Senators weighing a landmark immigration bill defeated an effort by Republicans Tuesday to require biometric identification — such as fingerprinting — to track who is entering and leaving the country.
The amendment by Sen. Jeff Sessions, R-Ala., would have required a biometric system to be in place before any immigrant here illegally could obtain permanent residency or citizenship.
"This is a big, big hole in the system and it's gone on for years and years," Sessions said as the Senate Judiciary Committee opened its second day of meetings to plow through hundreds of amendments to legislation remaking the U.S. immigration system, a top priority for President Barack Obama.
"This is one of the reasons the American people have so little confidence in any of the promises we make," Sessions said.
An author of the bill, Republican Sen.

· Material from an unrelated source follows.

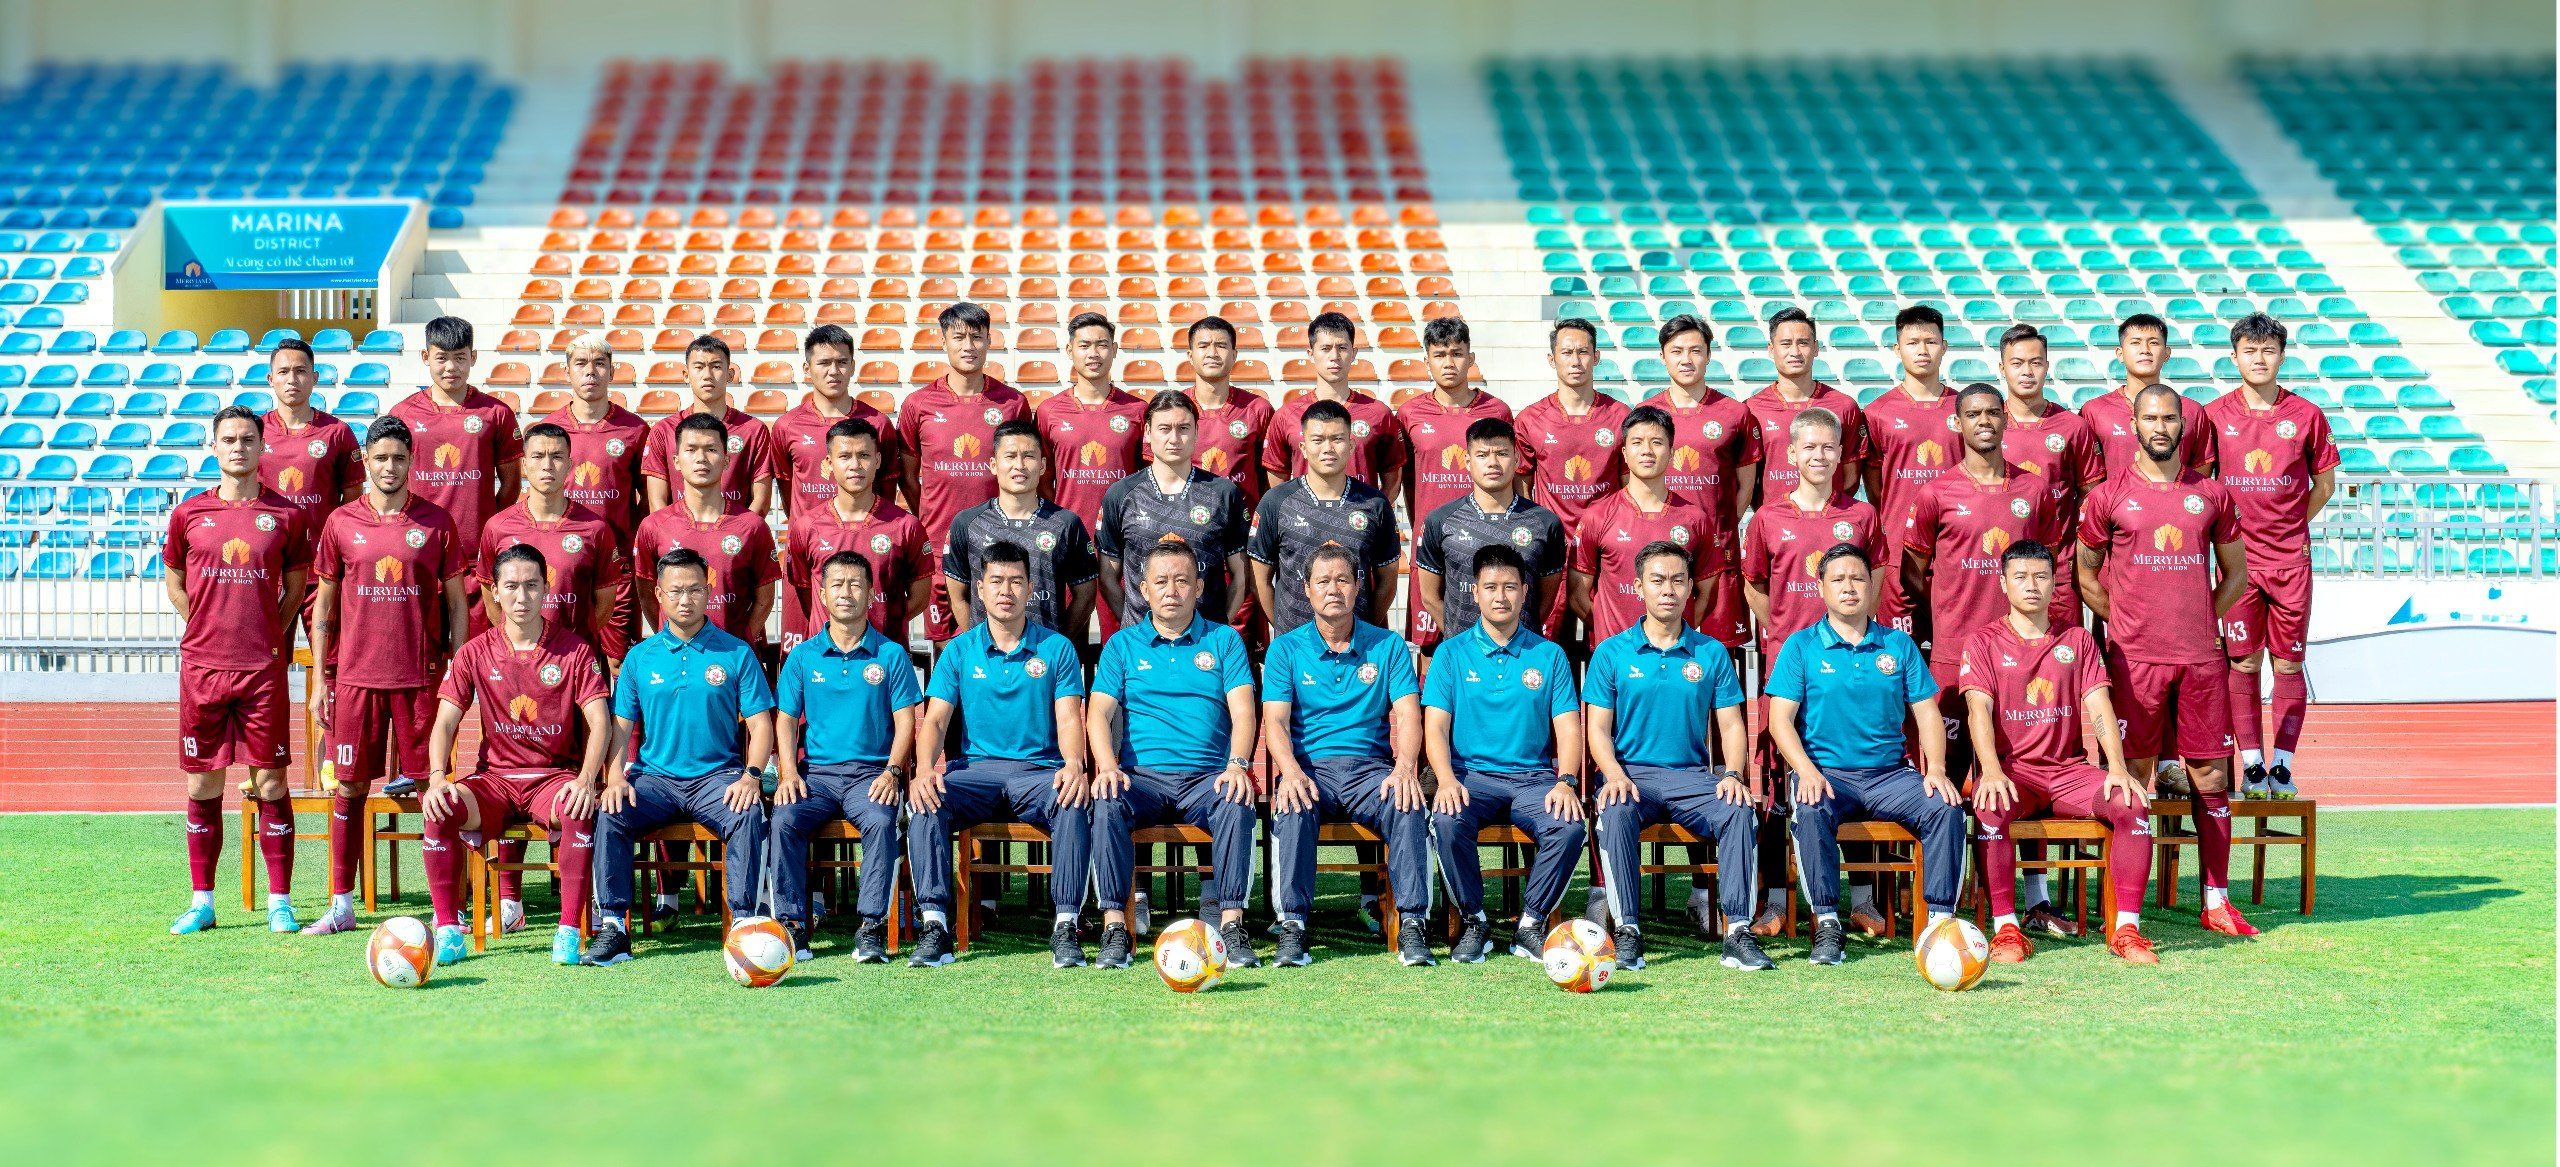 Câu lạc bộ bóng đá MerryLand Quy Nhơn Bình Định

Lindsey Graham of South Carolina, agreed with Sessions that biometric IDs are the most secure. But he said authors of the bill determined they were too costly to implement anytime soon. Indeed current law already requires such a system to be in place, but the Department of Homeland Security has been unable to implement it.
Instead the bill seeks electronic scanning of photo IDs.
"Current law is a concept, and there is apparently not a whole lot of will by Republicans or Democrats to make the concept a reality," Graham said. "What we've done is taken the current system and make it better."
Sen. Chuck Schumer, D-N.Y., said a biometric system would cost $25 billion. He and other Democrats said Sessions' amendment would simply throw up barriers to a path to citizenship for the 11 million immigrants already in the country illegally.
The Senate Judiciary Committee voted 12 to 6 to defeat Sessions' amendment. Graham and Sen. Jeff Flake, R-Ariz., joined with the Democrats on the committee in voting it down.
Graham, Flake, Schumer and Sen. Dick Durbin, D-Ill., are four of the eight authors of the immigration bill. Since they sit on the Judiciary Committee together they have resolved to vote together against amendments that could strike at the core provisions of the legislation and threaten the fragile alliances behind it.